I have a piece of information rather than a question, which is for the attention, indirectly, of the Tánaiste.

Would it be more appropriate somewhere else?

It is very appropriate now.

I would be tempted to table a parliamentary question but due to the work to rule we are not sure if it would be answered. We could save €200. My point concerns the consultant haematology service of which the Tánaiste will be aware. We need to impress on the Department of Health and Children the need to use whatever pressure it can to try to get funding. Too many new patients who require chemotherapy and need haematology services are being referred to Sligo and Galway.
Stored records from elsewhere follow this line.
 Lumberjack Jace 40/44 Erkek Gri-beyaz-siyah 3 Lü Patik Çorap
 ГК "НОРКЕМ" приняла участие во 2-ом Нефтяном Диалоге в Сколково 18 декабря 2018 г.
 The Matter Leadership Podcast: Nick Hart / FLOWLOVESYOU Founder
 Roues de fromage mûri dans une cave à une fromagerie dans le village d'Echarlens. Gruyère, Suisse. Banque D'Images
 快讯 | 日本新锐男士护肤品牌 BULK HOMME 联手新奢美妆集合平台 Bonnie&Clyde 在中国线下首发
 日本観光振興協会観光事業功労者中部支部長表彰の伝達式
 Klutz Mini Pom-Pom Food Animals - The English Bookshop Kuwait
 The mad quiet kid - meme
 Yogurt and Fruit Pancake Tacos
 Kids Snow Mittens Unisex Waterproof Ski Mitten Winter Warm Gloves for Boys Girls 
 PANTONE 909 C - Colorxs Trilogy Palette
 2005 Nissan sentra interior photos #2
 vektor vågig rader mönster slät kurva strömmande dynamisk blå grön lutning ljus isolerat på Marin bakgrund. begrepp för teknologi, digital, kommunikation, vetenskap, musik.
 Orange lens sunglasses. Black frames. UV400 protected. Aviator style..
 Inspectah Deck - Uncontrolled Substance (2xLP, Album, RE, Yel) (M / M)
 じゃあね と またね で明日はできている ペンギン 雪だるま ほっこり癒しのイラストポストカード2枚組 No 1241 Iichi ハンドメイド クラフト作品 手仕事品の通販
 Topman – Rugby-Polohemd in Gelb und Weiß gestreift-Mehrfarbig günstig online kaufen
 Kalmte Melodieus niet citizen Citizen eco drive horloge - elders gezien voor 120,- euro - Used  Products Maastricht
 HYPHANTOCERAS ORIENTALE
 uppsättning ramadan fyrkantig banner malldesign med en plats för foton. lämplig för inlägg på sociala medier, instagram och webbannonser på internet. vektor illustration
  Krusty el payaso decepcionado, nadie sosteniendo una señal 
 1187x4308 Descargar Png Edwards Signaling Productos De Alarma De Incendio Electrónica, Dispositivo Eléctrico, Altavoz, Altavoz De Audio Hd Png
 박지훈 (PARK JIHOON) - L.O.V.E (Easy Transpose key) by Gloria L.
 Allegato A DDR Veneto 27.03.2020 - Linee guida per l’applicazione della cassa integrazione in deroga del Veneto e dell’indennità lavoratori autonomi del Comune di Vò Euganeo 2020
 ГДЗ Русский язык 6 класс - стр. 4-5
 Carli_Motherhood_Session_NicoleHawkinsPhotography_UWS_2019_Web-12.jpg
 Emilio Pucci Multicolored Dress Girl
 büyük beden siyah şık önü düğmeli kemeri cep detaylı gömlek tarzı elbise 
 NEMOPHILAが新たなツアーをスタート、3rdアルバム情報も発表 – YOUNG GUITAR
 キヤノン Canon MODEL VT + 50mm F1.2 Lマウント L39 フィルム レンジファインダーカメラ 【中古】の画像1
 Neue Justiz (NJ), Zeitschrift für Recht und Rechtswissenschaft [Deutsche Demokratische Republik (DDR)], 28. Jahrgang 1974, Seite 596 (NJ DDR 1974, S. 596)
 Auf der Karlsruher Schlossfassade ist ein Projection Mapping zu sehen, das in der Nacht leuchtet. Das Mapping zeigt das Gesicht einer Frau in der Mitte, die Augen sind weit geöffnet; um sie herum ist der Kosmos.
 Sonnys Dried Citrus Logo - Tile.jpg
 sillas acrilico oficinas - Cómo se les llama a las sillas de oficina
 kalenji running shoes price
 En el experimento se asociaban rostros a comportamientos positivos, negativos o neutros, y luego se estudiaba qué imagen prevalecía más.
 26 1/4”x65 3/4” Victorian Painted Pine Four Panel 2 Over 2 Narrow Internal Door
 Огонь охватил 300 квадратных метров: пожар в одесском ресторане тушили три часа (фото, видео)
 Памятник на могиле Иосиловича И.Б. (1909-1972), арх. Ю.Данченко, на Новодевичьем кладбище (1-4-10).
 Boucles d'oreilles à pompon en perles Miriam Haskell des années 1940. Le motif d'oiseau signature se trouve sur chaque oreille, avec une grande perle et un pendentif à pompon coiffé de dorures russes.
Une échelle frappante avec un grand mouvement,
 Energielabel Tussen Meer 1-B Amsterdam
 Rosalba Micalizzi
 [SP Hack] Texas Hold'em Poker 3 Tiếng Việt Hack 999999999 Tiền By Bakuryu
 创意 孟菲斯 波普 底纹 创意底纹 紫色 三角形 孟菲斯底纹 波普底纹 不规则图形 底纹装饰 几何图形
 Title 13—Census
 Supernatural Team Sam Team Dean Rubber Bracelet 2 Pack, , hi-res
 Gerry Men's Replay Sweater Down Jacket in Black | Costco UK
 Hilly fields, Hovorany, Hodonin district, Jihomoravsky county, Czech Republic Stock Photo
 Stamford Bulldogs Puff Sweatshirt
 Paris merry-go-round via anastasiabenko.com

Letterkenny General Hospital and its staff are doing all they can but I ask the Tánaiste to impress on her colleague, the Minister for Health and Children——

The point has been noted.

——-the importance of this issue. It would be greatly appreciated. I have saved time and resources by not tabling a parliamentary question.

Can we get the same in Monaghan?

You are great.

Will the Government consider the extension of the expiry date for medical cards for the over-70s because of the unusual chaos which exists in the central applications office.

We do not have promised business.

Many people are suffering. Their medical cards have been cancelled by their general practitioners because of a payment issue. It is of the utmost importance that somebody with consideration for elderly people's health would extend the expiry date for medical cards. It is important.

The Deputy should find another way to address the issue. We will resume the debate on the Finance Bill.

No, I indicated a long time ago.

I recollect the Deputy spoke earlier.

No. I indicated before that.

The Deputy can make a brief contribution.

I have a question on promised legislation, the purpose of which is to transpose EU Directive 2008/6/EC which provides for the completion of the liberalisation of the postal sector, in line with 1 January 2011. Given the lack of speed with which legislation tended to go through this House over the past number of years, is it intended to bring the Bill before the House before the end of the year, as the date for transposition of the directive is 1 January 2011? If so, when will the heads of the Bill be approved? Has it been discussed by Cabinet? Have drafts been drawn up? What is the situation regarding the legislation?

I understand the heads of a Bill are currently being prepared but I cannot give a time as to when they will be brought to the Government.